| testretest.multiverse {splithalf} | R Documentation |
Multiverse of data processing decisions on test retest reliability estimates.
Description
This function enables the user to run a multiverse of data processing options and extract the resulting test-retest reliability estimates.
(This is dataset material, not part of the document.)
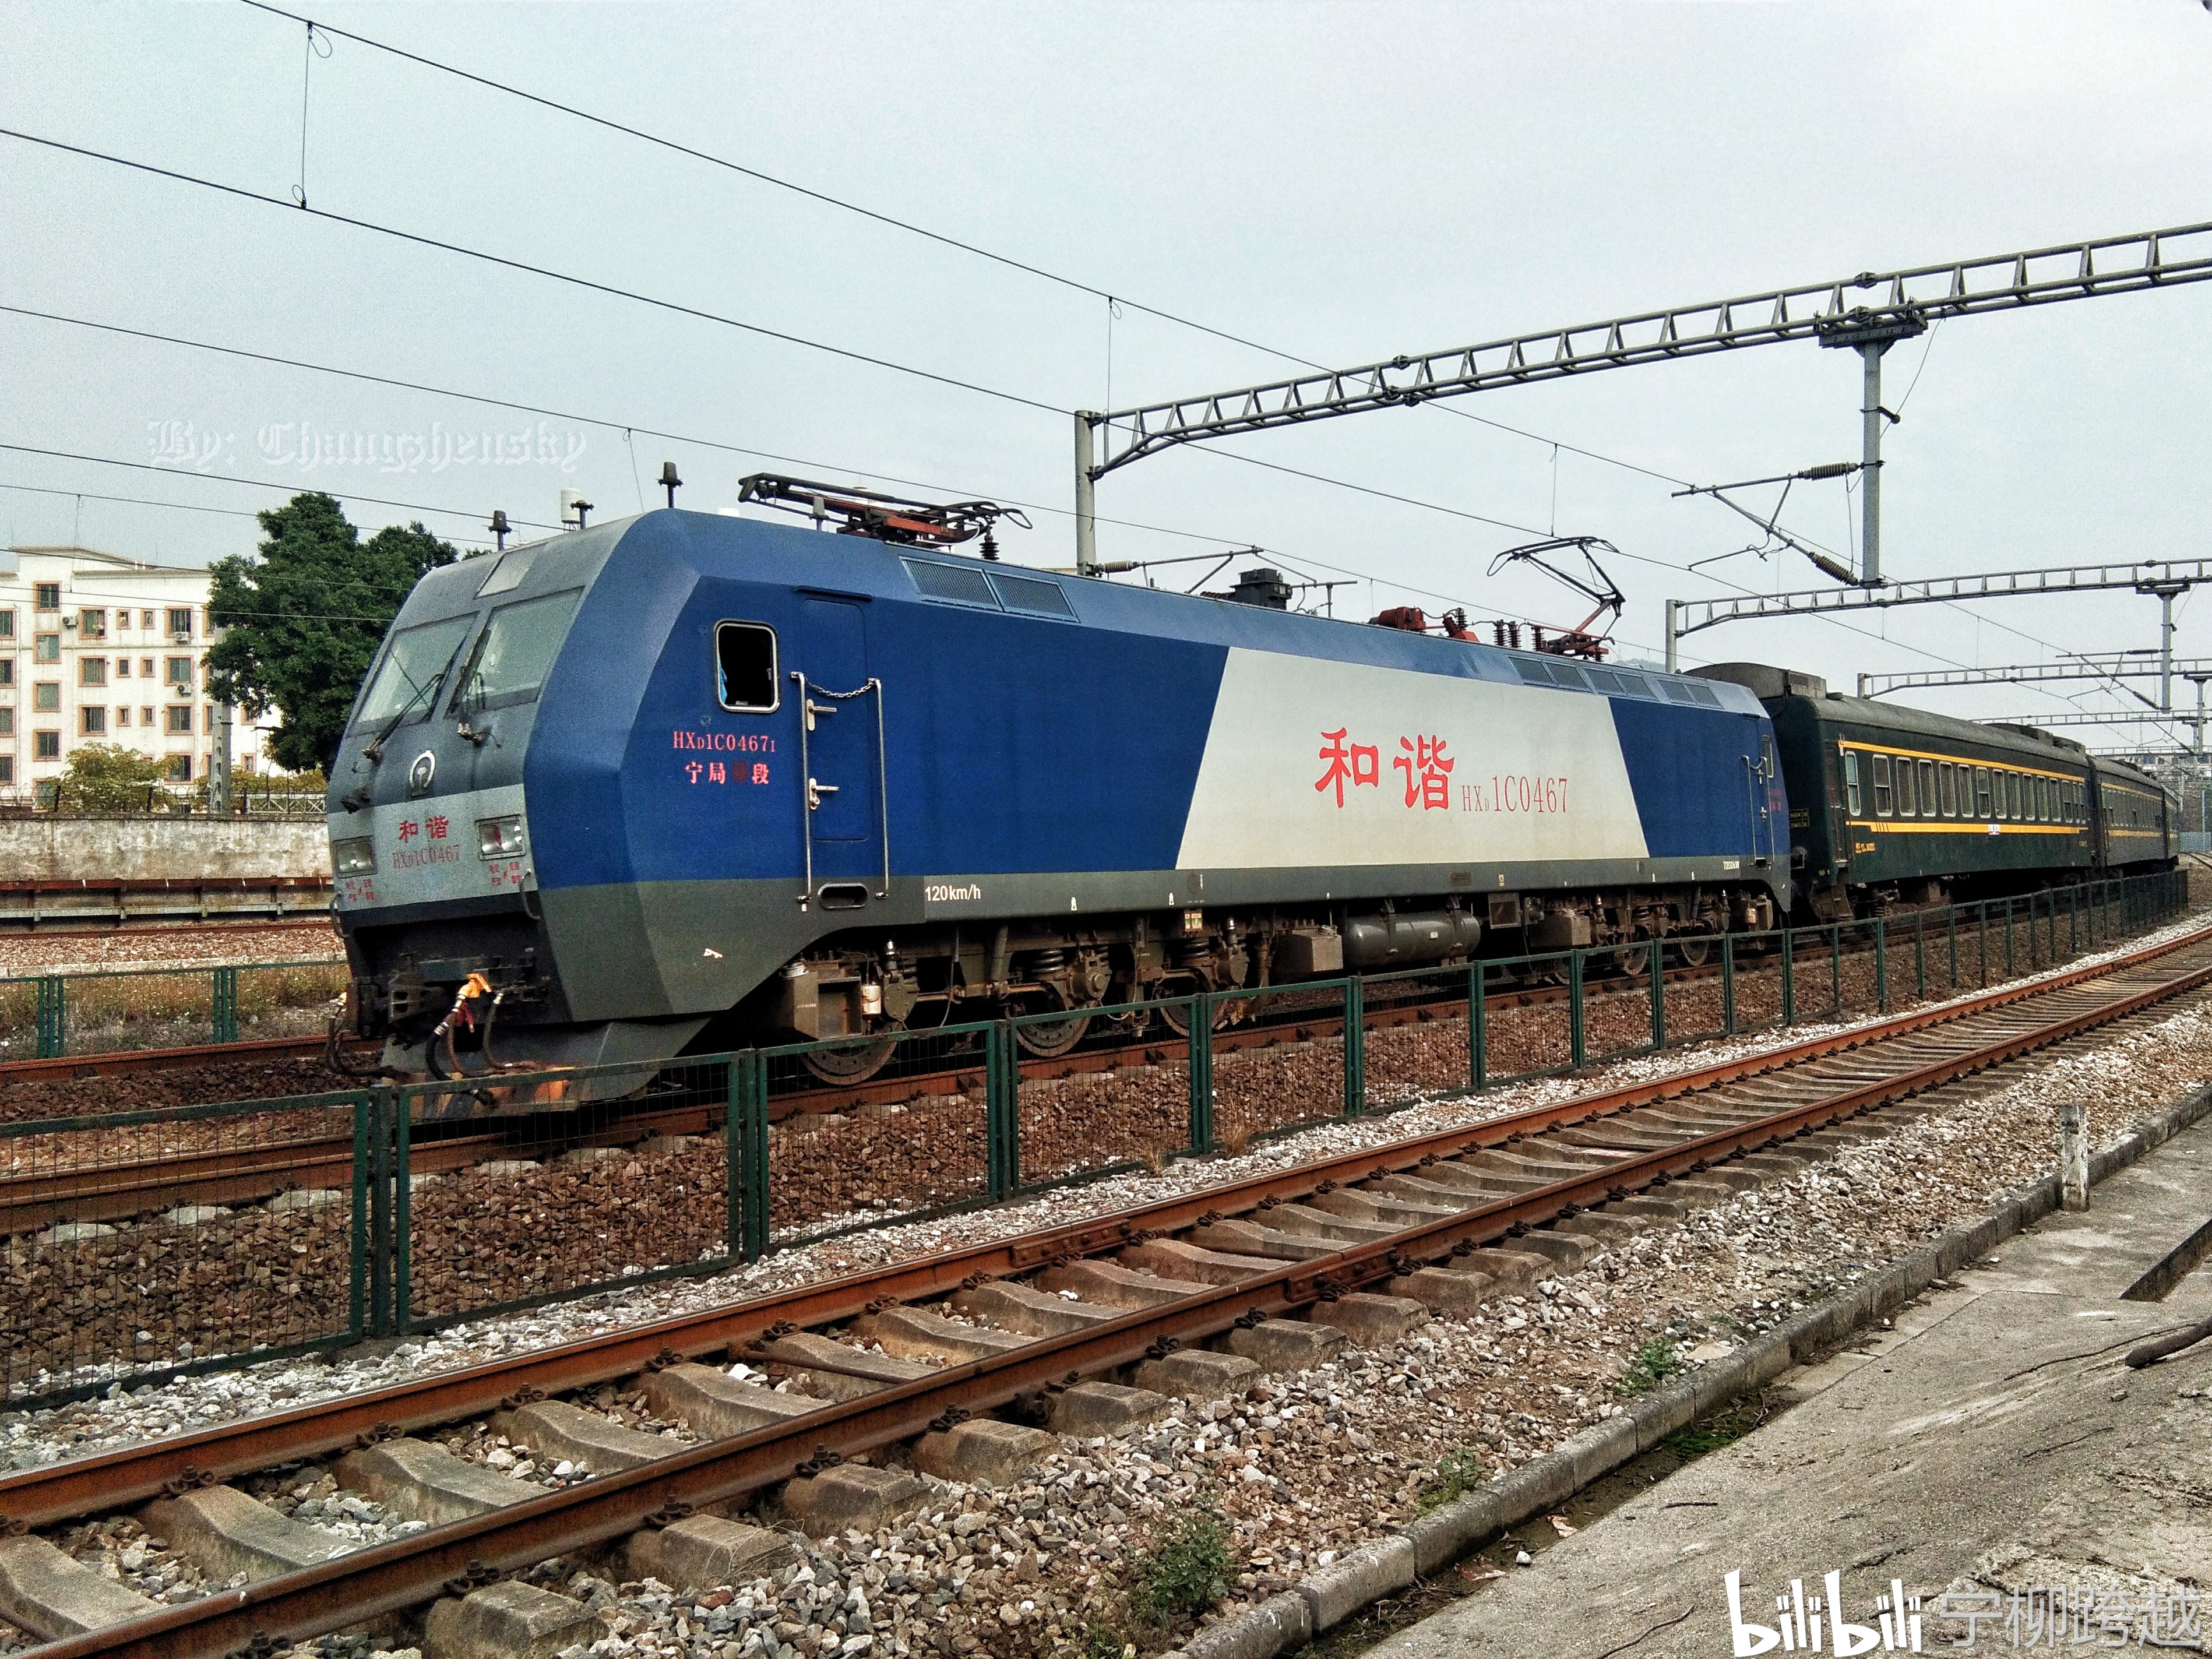 纪事一趟春节前的临时旅客列车难得一见的货运电力机车本务

The user specifies a set of data processing decisions and passes this to the function, along with specifying key variables within several "var." inputs (so that the function knows where to find your participant ids and RTs for example)
Usage
testretest.multiverse(
data,
specifications,
test = "ICC2",
outcome = "RT",
score = "difference",
var.participant = "subject",
var.ACC = "correct",
var.RT = "RT",
var.time = "time",
var.compare = "congruency",
compare1 = "Congruent",
compare2 = "Incongruent"
)
Arguments
data |
dataset |
specifications |
list of data processing specifications |
test |
test retest statistic, "ICC2", "cor", "ICC3" |
outcome |
from splithalf() specifies the RT outcome - only "RT" available currently |
score |
currently only "difference" scores are supported |
var.participant |
= "subject", |
var.ACC |
= "correct", |
var.RT |
= "RT" |
var.time |
codes the time variable (currently only works for 2 timepoints) |
var.compare |
= "congruency" trial type used to create difference scores |
compare1 |
specifies the first trial type to be compared (e.g. "Congruent" trials) |
compare2 |
specifies the second trial type to be compared (e.g. "Incongruent" trials) |
Details
The (unofficial) function version name is "This function will help you pay the troll toll"
Value
Returns a multiverse object containing the reliability estimates and dataframes from all data processing specifications provided
Examples
## Not run:
## see online documentation for examples
https://github.com/sdparsons/splithalf
## also see https://psyarxiv.com/y6tcz
n_participants <- 80 ## sample size
n_trials <- 120
n_blocks <- 2
sim_data_mv <- data.frame(participant_number = rep(1:n_participants,
each = n_blocks * n_trials),
trial_number = rep(1:n_trials,
times = n_blocks * n_participants),
block_name = rep(c(1,2),
each = n_trials,
length.out = n_participants * n_trials * n_blocks),
trial_type = rep(c("congruent","congruent",
"incongruent","incongruent"),
length.out = n_participants * n_trials * n_blocks / 2),
RT = rnorm(n_participants * n_trials * n_blocks,
500,
200),
ACC = c(rbinom(n_participants *
n_trials *
n_blocks / 6,
1, .5),
rbinom(n_participants *
n_trials *
n_blocks / 6,
1, .7),
rbinom(n_participants *
n_trials *
n_blocks / 6,
1, .9),
rbinom(n_participants *
n_trials *
n_blocks / 6,
1, .5),
rbinom(n_participants *
n_trials *
n_blocks / 6,
1, .7),
rbinom(n_participants *
n_trials *
n_blocks / 6,
1, .9)))
specifications <- list(
ACC_cutoff = c(0, 0.5),
RT_min = c(0, 200),
RT_max = c(2000, 3000),
RT_sd_cutoff = c(0, 2),
split_by = c("subject", "trial"),
averaging_method = c("mean")
)
icc2 <- testretest.multiverse(data = sim_data_acc,
specifications,
test = "ICC2",
score = "difference",
var.participant = "participant_number",
var.ACC = "ACC",
var.RT = "RT",
var.time = "block_name",
var.compare = "trial_type",
compare1 = "congruent",
compare2 = "incongruent")
multiverse.plot(icc2)
## End(Not run)